School committee votes to hold event

BROCKTON – It initially appeared that a 124-year tradition wouldn’t be taking place in Brockton this year, but the school committee has unanimously decided that the show must go on.

The Huntington Memorial Day Parade will be held in 2024 for the 125th time, but it will occur at some point in June, likely weeks after the holiday that honors fallen service members.

Ward 6 school committee member Joyce Asack made a motion at Wednesday night’s special meeting to keep the parade going and vowed to help organize it to make sure it happens.
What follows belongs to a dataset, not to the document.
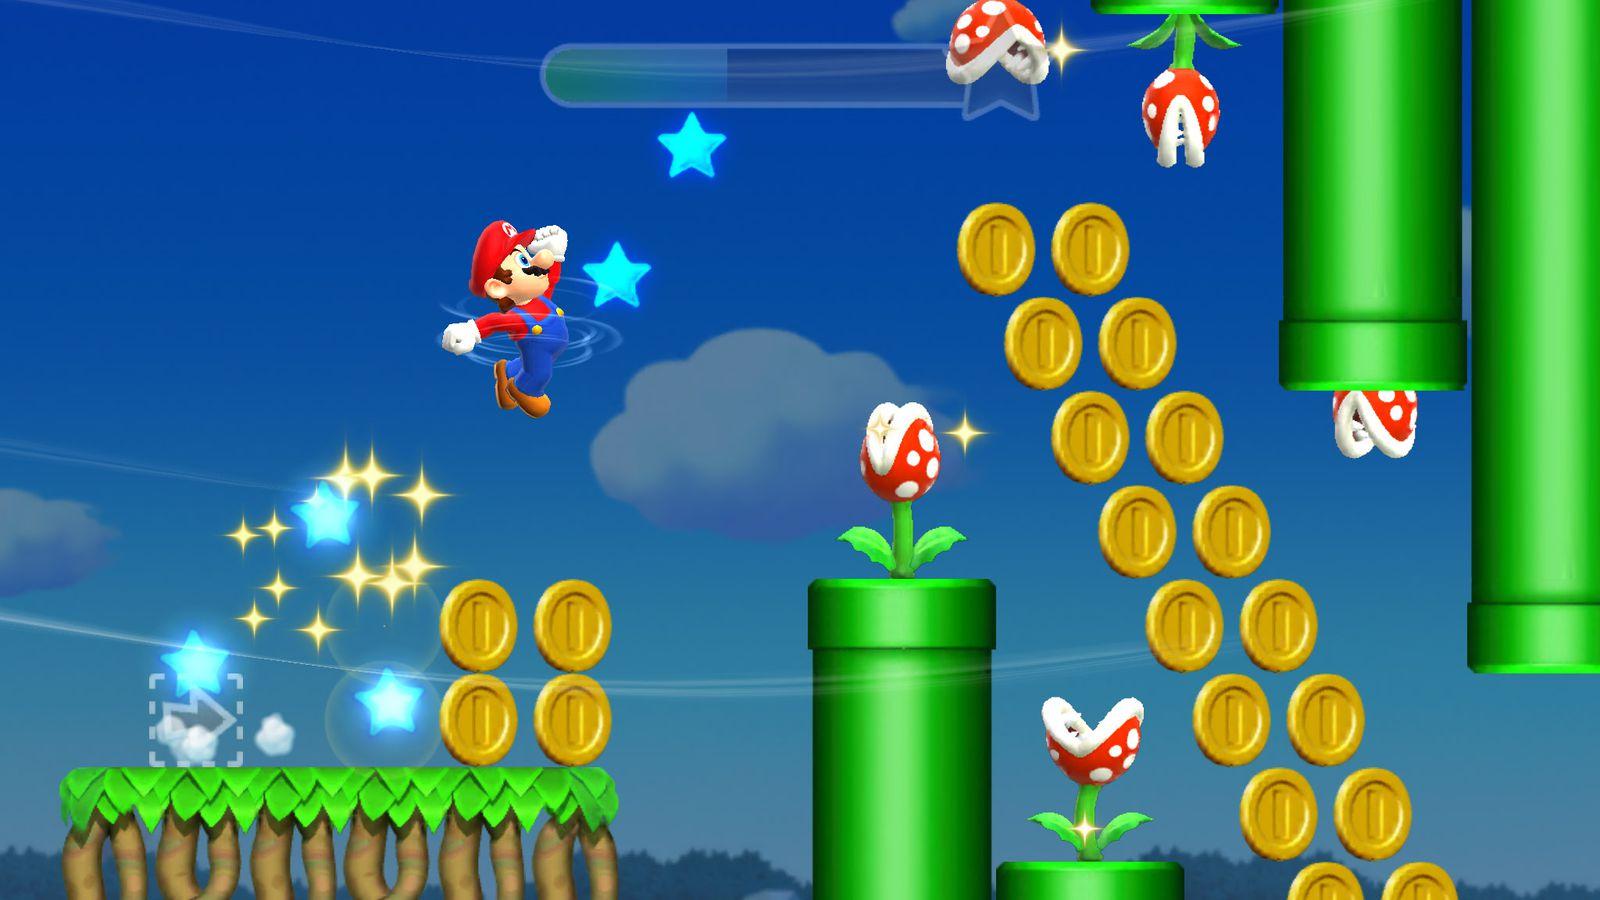 Spiele Kostenlos Super Mario

“It’s tradition,” she said. “We can’t get rid of tradition.”

More: Brockton Schools may cancel beloved 124-year-old parade to save money. Already too late?

The Huntington Parade was first held in 1897 to honor fallen soldiers and veterans. The parade was canceled in 2020 and 2021 due to the COVID-19 pandemic, but returned for its 123rd year in 2022.

Acting Superintendent of Schools James Cobbs had told the school committee at a May 7 meeting that he had decided not to hold the parade this year because there are no students in the physical Huntington building, as well as the cost being prohibitive.

Cobbs said that City Council President Moises Rodrigues had put a $125,000 price tag on the parade, but Cobbs and Mayor Robert Sullivan didn’t believe that figure.

The Enterprise contacted Rodrigues last week to inquire about where he came up with the Huntington Parade cost, but didn’t receive a call back.

At the May 7 meeting, the mayor asked Cobbs to come prepared for Wednesday night’s meeting with a cost of the parade so the committee could decide how to proceed.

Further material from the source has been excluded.